L’altra verità è quella rivelata: ma rivelata da chi? Dall’uomo stesso che, nel suo bisogno di idealizzazione, trascende la propria personalità e si immedesima in una spiritualità superiore, in una dimensione metafisica, trascendentale, e, per il credente,  in una divina figura di Dio. E’  questo un bisogno connaturato alla persona umana, in affannosa ricerca di una perfezione ch’egli non possiede, una carenza  di cui è consapevole. Si immaginano allora verità assolute, astratte,  indimostrabili, un fuoco di passioni e di sentimenti valorizzati, vissuti unicamente per fede. Contro la mutevolezza dell’uomo e del mondo che lo circonda, contro un costante relativismo di rapporti e di valori umani,  ambientali, naturali, la ricerca suggestiva di una eterna immutabile certezza, conduce l’uomo attraverso i suoi sentimenti, non la razionalità, al dogma immutabile della perfezione. Verità assoluta,  non dimostrata, scientificamente non dimostrabile, creata da un bisogno dall’umana natura, accettata, sostenuta per fede, utile a molti, se non a tutti,  per  un completamento, una soddisfazione, un benessere della propria individualità, della propria cultura e identità.

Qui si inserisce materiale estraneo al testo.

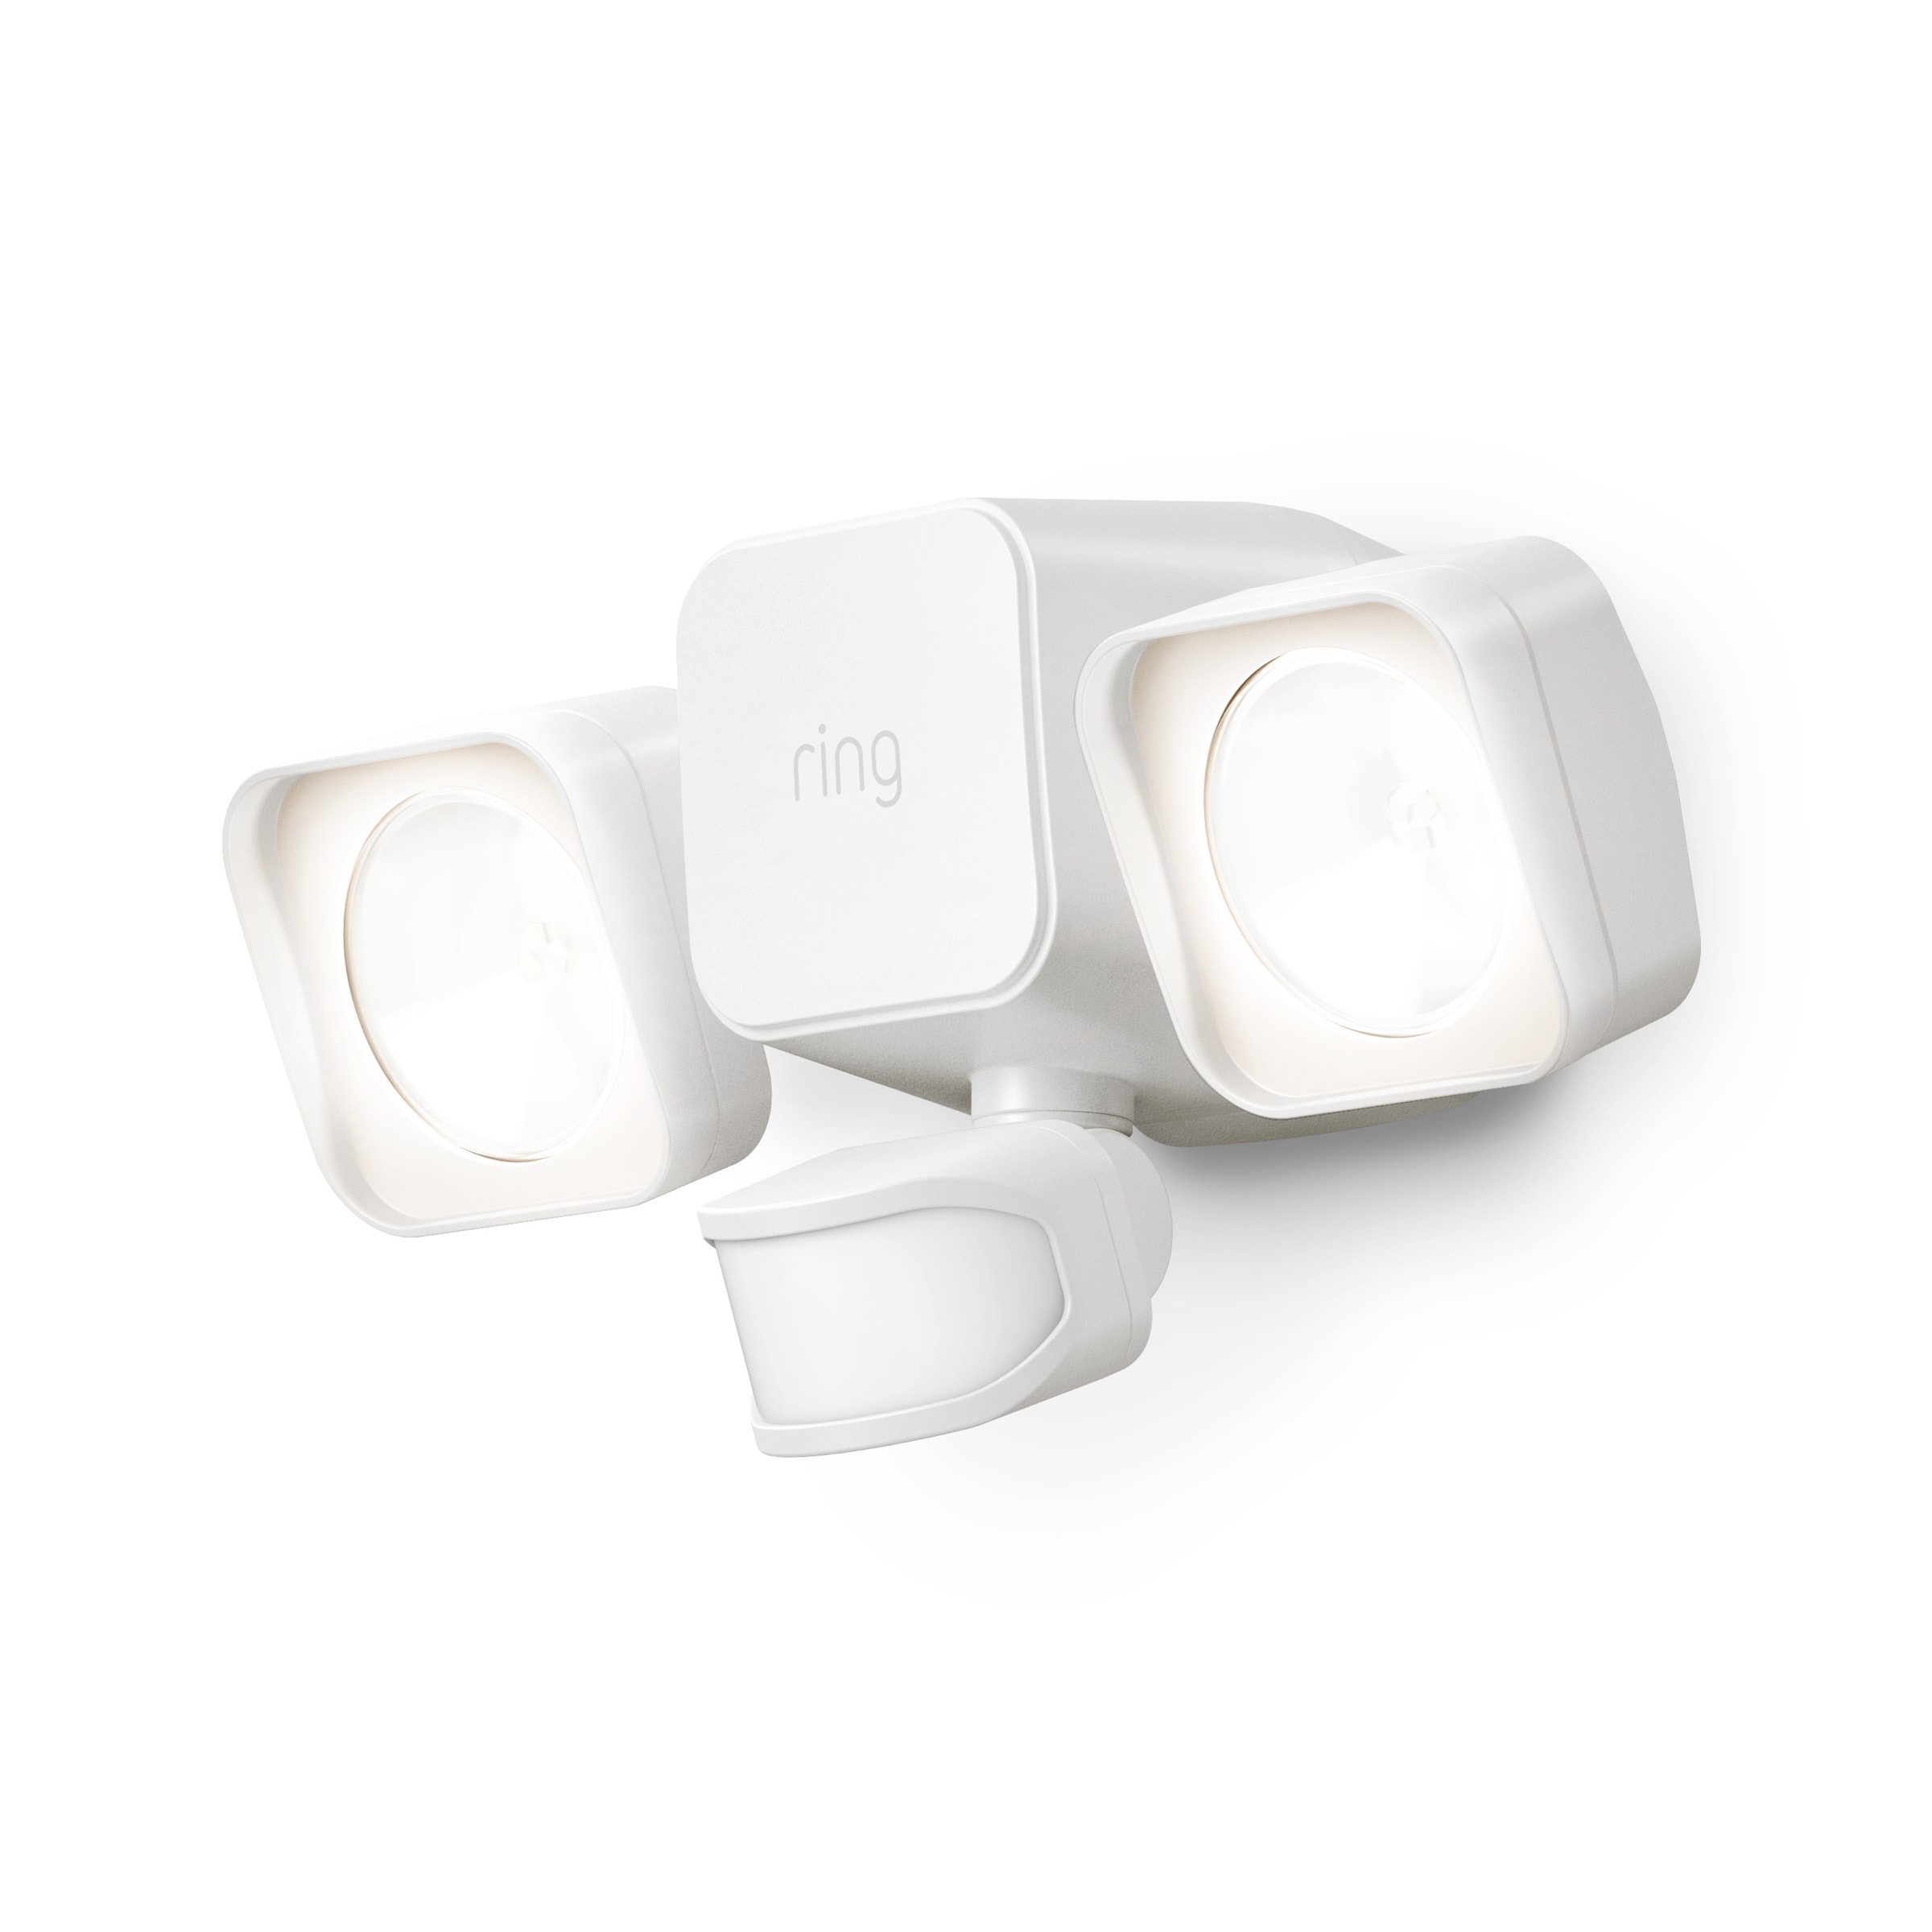 Brand New ring Smart Lighting Ring Bridge White Works with Alexa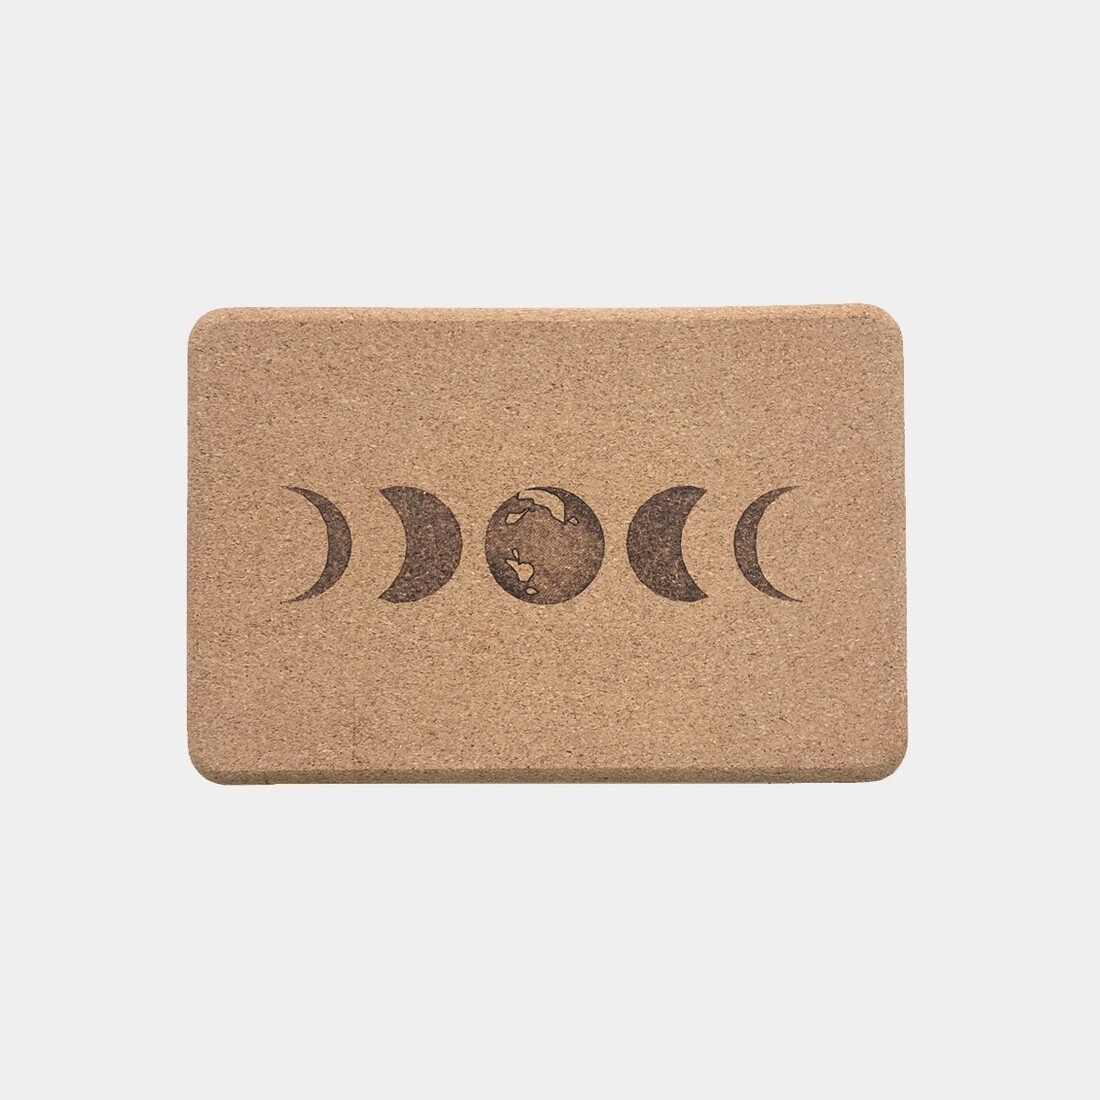 Moon Cork Brick (100% Natural Cork Yoga Block)

Due verità quindi: l’una razionale, relativa,  l’altra sentimentale, assoluta, prevalenti ora l’una, ora l’altra a seconda della personalità del soggetto: chi fermamente crede nella assoluta validità della scienza,  fino ad escluderne  un  postulato  sentimentale, fino addirittura ad una disumanizzazione dei risultati scientifici; chi invece si estranea dall’ambiente che lo circonda, dal mondo, per concentrarsi in una passione di amorosi sensi verso il sacro,  l’intangibile, il puro, l’eterno, il mistico, lo spirituale.

Personalmente mi trovo quasi nel mezzo, ma con un leggero spostamento verso il razionale. Una vita da ricercatore di verità scientifiche ha costruito in me una forte base di razionalità e di logica. Consapevole tuttavia della triplice formazione dell’uomo in sensi, spirito e ragione, pur esaltando la mia ragione, non  posso ignorare la mia parte sensibile e la mia anima. Mi completo allora nella consapevolezza di una razionale realtà ma anche nel godimento di spirituali sensazioni di perfezione, di eternità.  Ignoro se questi esistono al di fuori della mente dell’uomo in una effettiva ed affettiva raffigurazione divina di una Sacra Famiglia,  di un Dio Creatore. Le ritengo immagini di perfezione a cui aspirare, nello stesso tempo mete idealizzate a cui tendere nella propria soddisfazione di uomo giusto, equilibrato nel proprio comportamento etico e felice nella consapevolezza di una propria legge morale. Un uomo che spera e  crede di avere vissuto la propria vita cercando di non essere un ipocrita.

La filosofia che non è  altro che curiosità, desiderio di conoscenza, si immerge voluttuosamente nel mare magnum delle verità relative ed assolute, intendendo per conoscenza non solo sapere, conoscere, ma soprattutto capire, intelligere, compenetrare, conquistare, far propria, insomma giungere a:     

“M’ILLUMINO D’IMMENSO”

Giuseppe Ungaretti.

 

E’ solo allora che si è raggiunta la verità, la luce, l’illuminazione del nostro sapere. Un sapere ancora parziale, relativo ma vero se compenetrato, capito, fatto proprio.

Piccoli passi nella conoscenza di una verità relativa, parziale, cioè un quid infinitesimale rispetto alla verità assoluta, quella dei massimi sistemi, universale, infinita. E’ questa la conoscenza che ci manca e poiché infinita non riusciremo mai a compenetrare se non a piccoli, minuscoli, periferici morsi di sapere.

La verità relativa,  per noi esseri umani, esiste solo a piccole, minuscole, faticose, relative porzioni,  alle quali aspiriamo con il desiderio e la voluttà della conquista. L’altra la verità assoluta è per noi umani, ignota, inesplorata, infinita,  imperscrutabile, solo adombrabile, ma  proprio per questo furiosamente agognata.